BEGIN Collected data
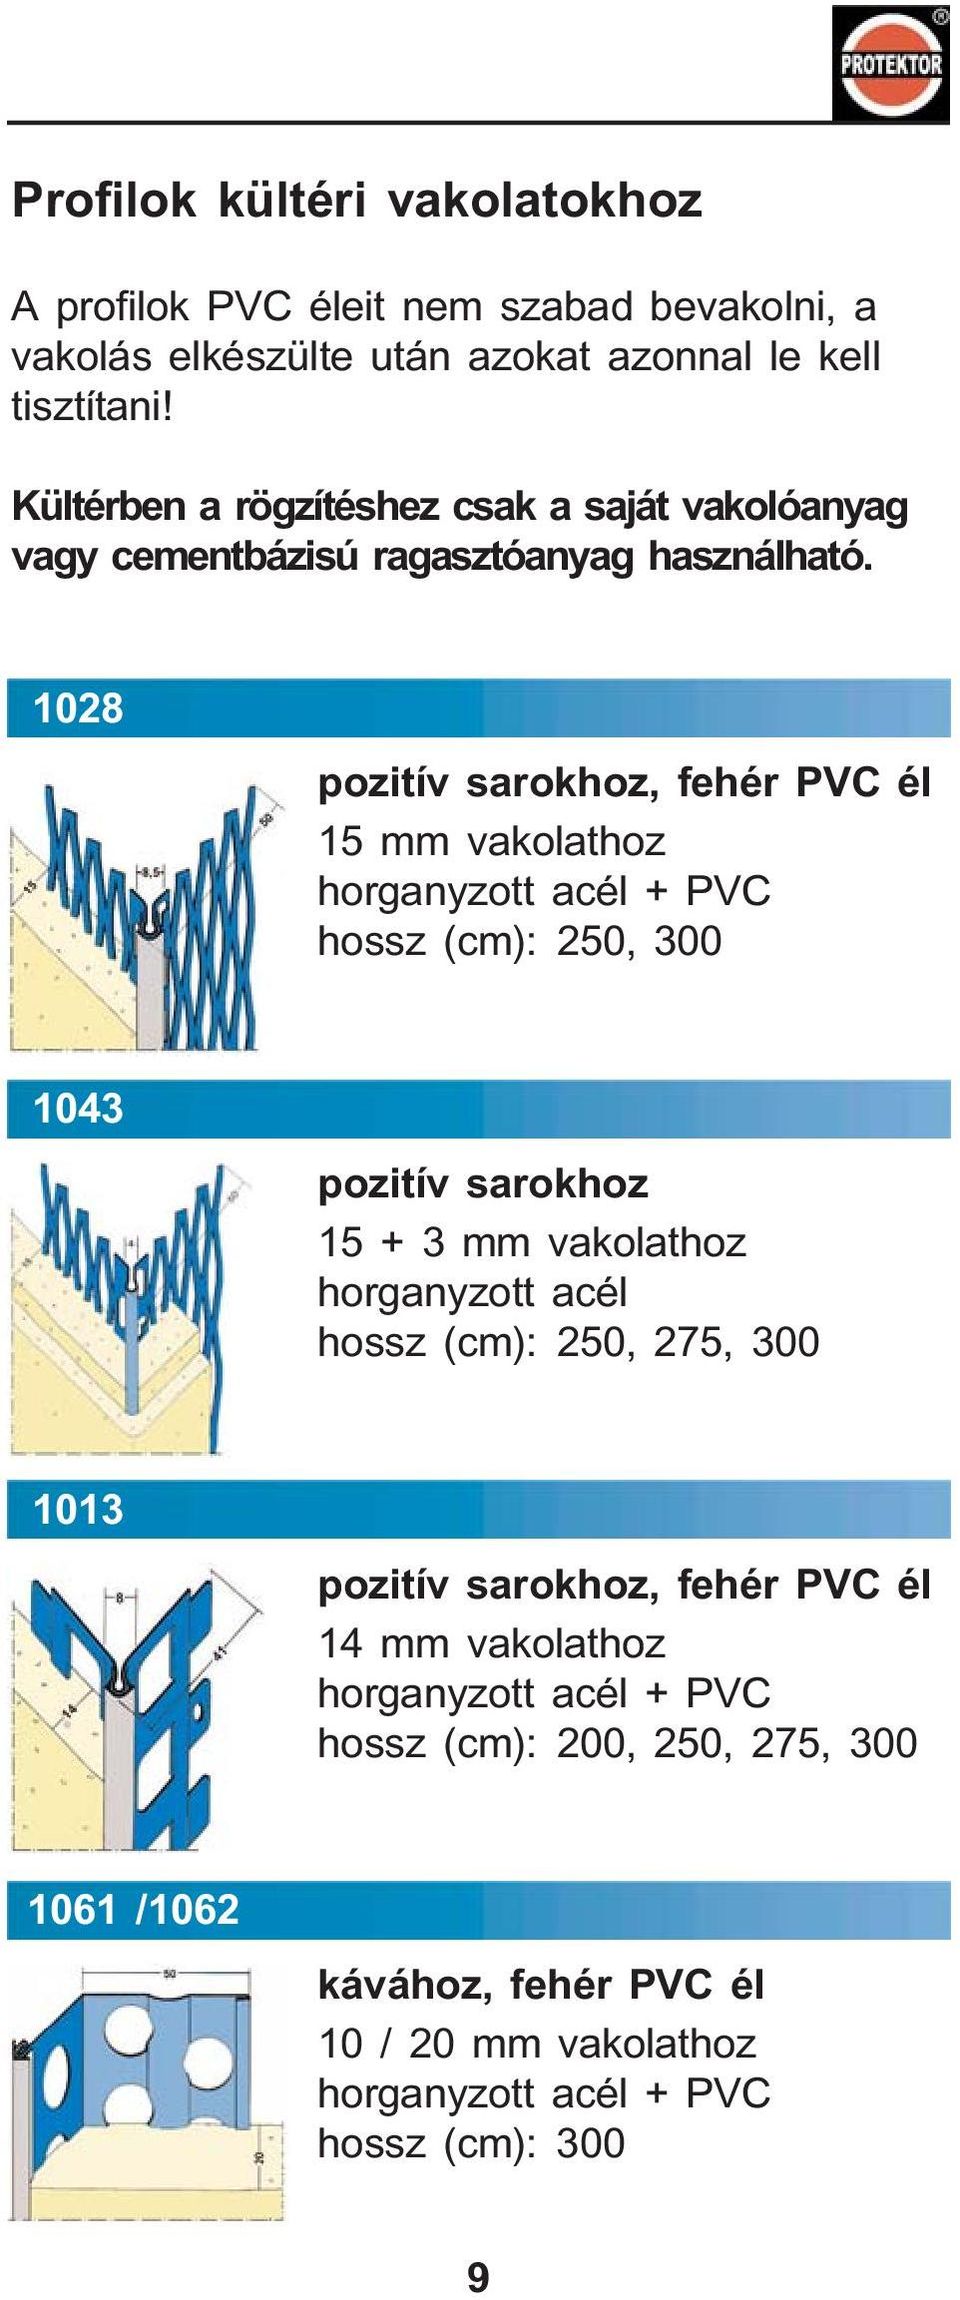 1028 pozitív sarokhoz, fehér PVC él 15 mm vakolathoz + PVC, 300 1043 pozitív sarokhoz 15 + 3 mm vakolathoz, 275, 300 1013
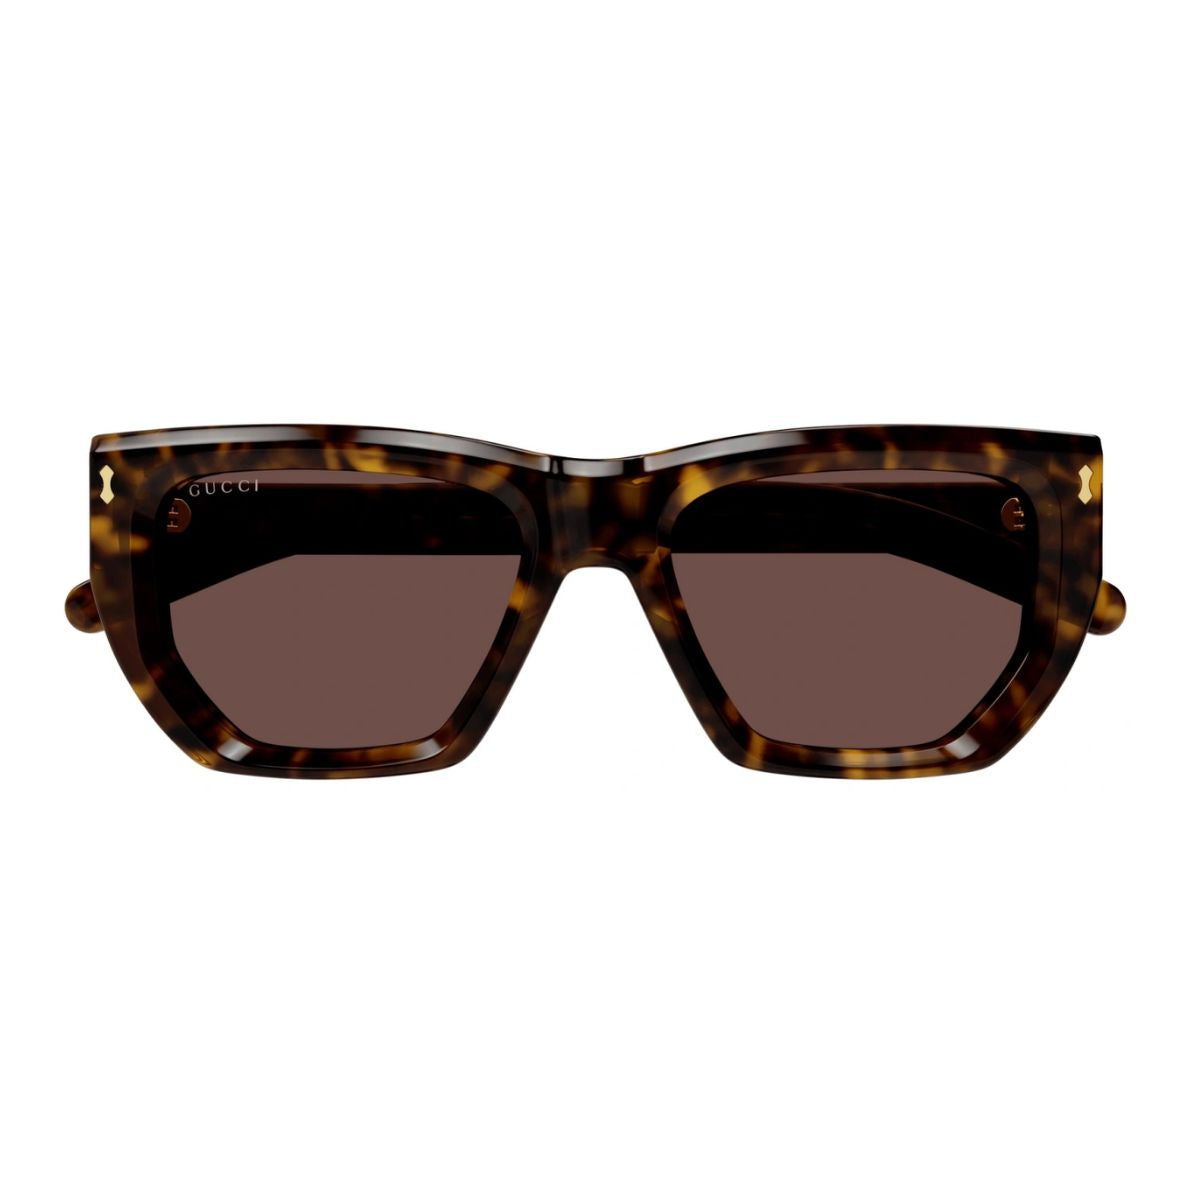 "Gucci Frames GG1502S 002: Elegance Redefined"
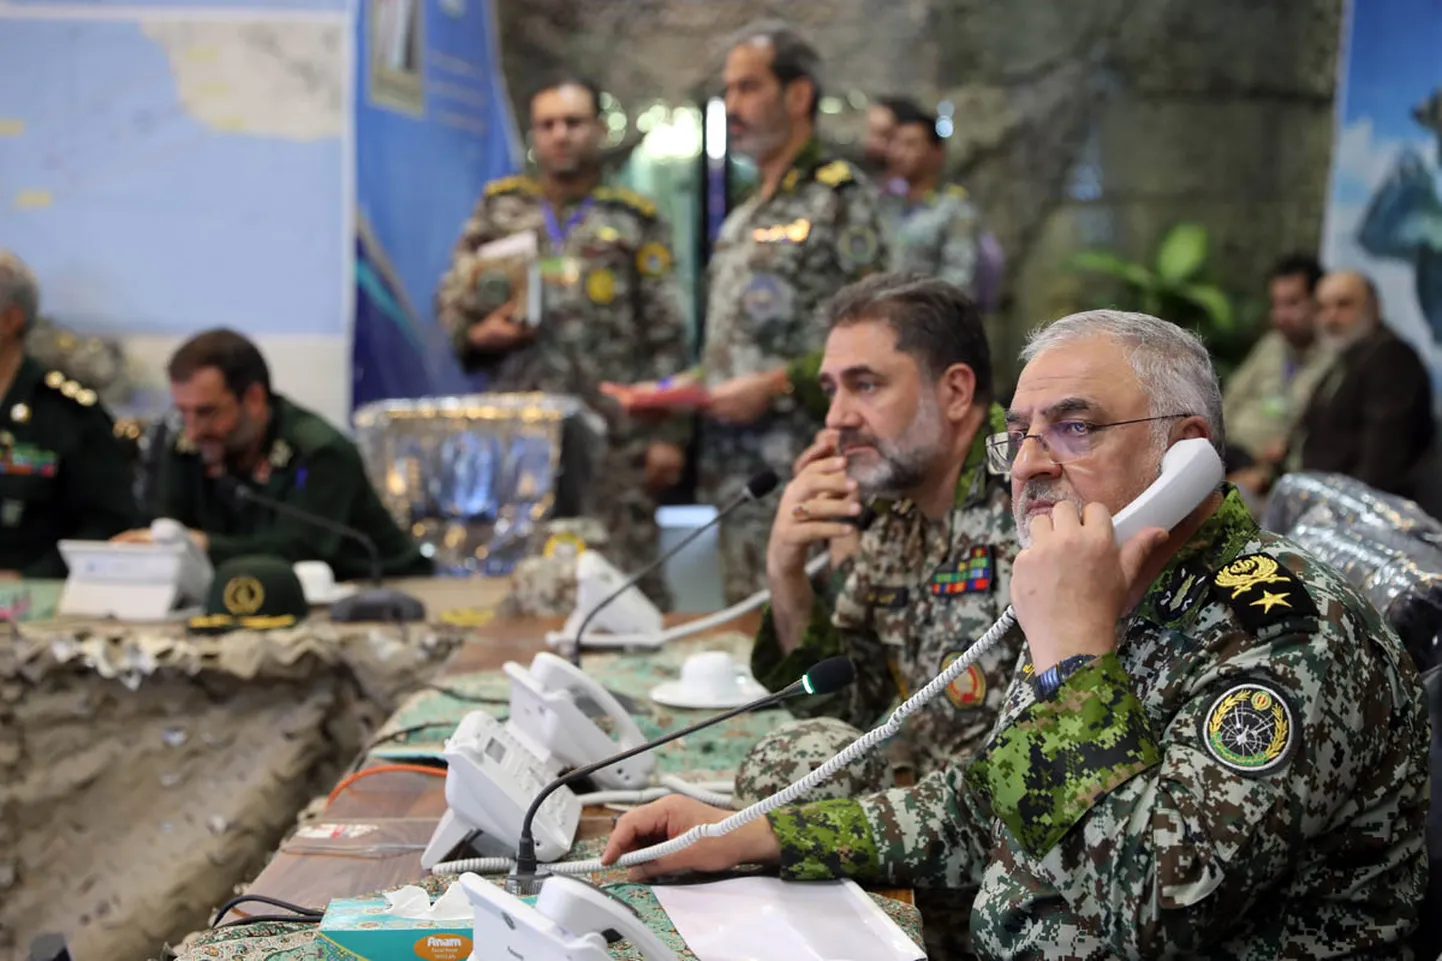 Iraani komandörid sõjaväeõppusel. Foto on illustratiivne.
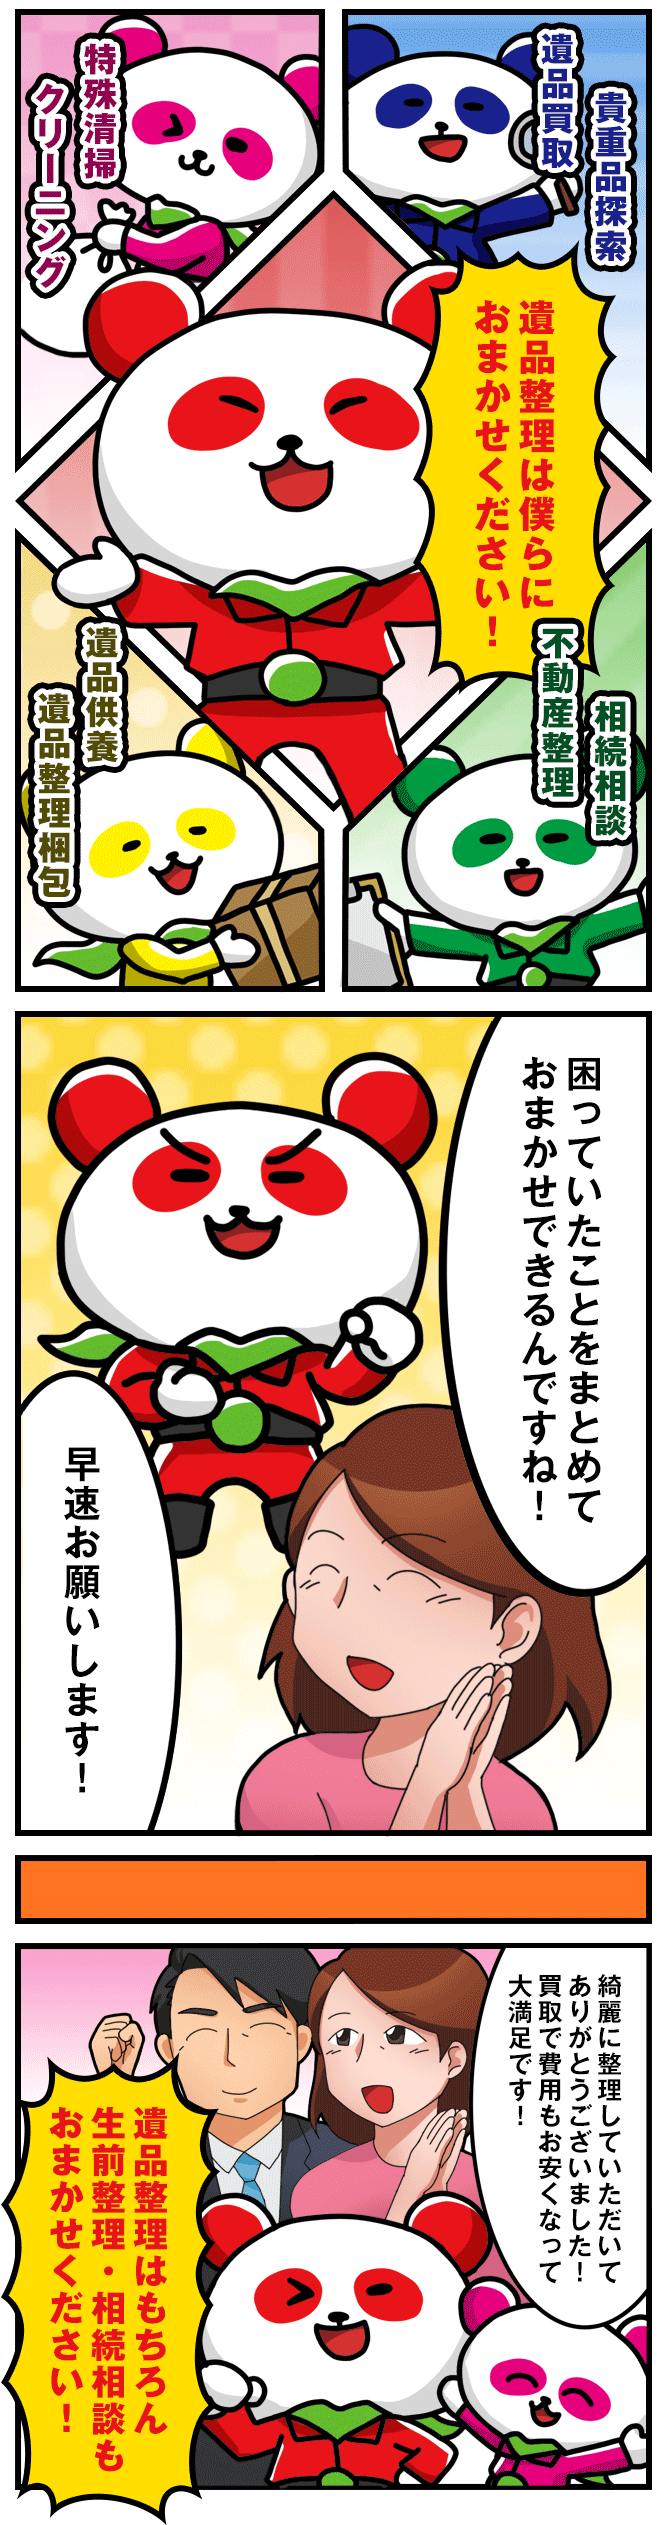 遺品整理の漫画 02
END Collected data
(Problem) Would you repeat the complete listing exactly, excluding each picture it holds?

(Solution)
 1028 pozitív sarokhoz, fehér PVC él 15 mm vakolathoz + PVC, 300 1043 pozitív sarokhoz 15 + 3 mm vakolathoz, 275, 300 1013
 "Gucci Frames GG1502S 002: Elegance Redefined"
 Iraani komandörid sõjaväeõppusel. Foto on illustratiivne.
 遺品整理の漫画 02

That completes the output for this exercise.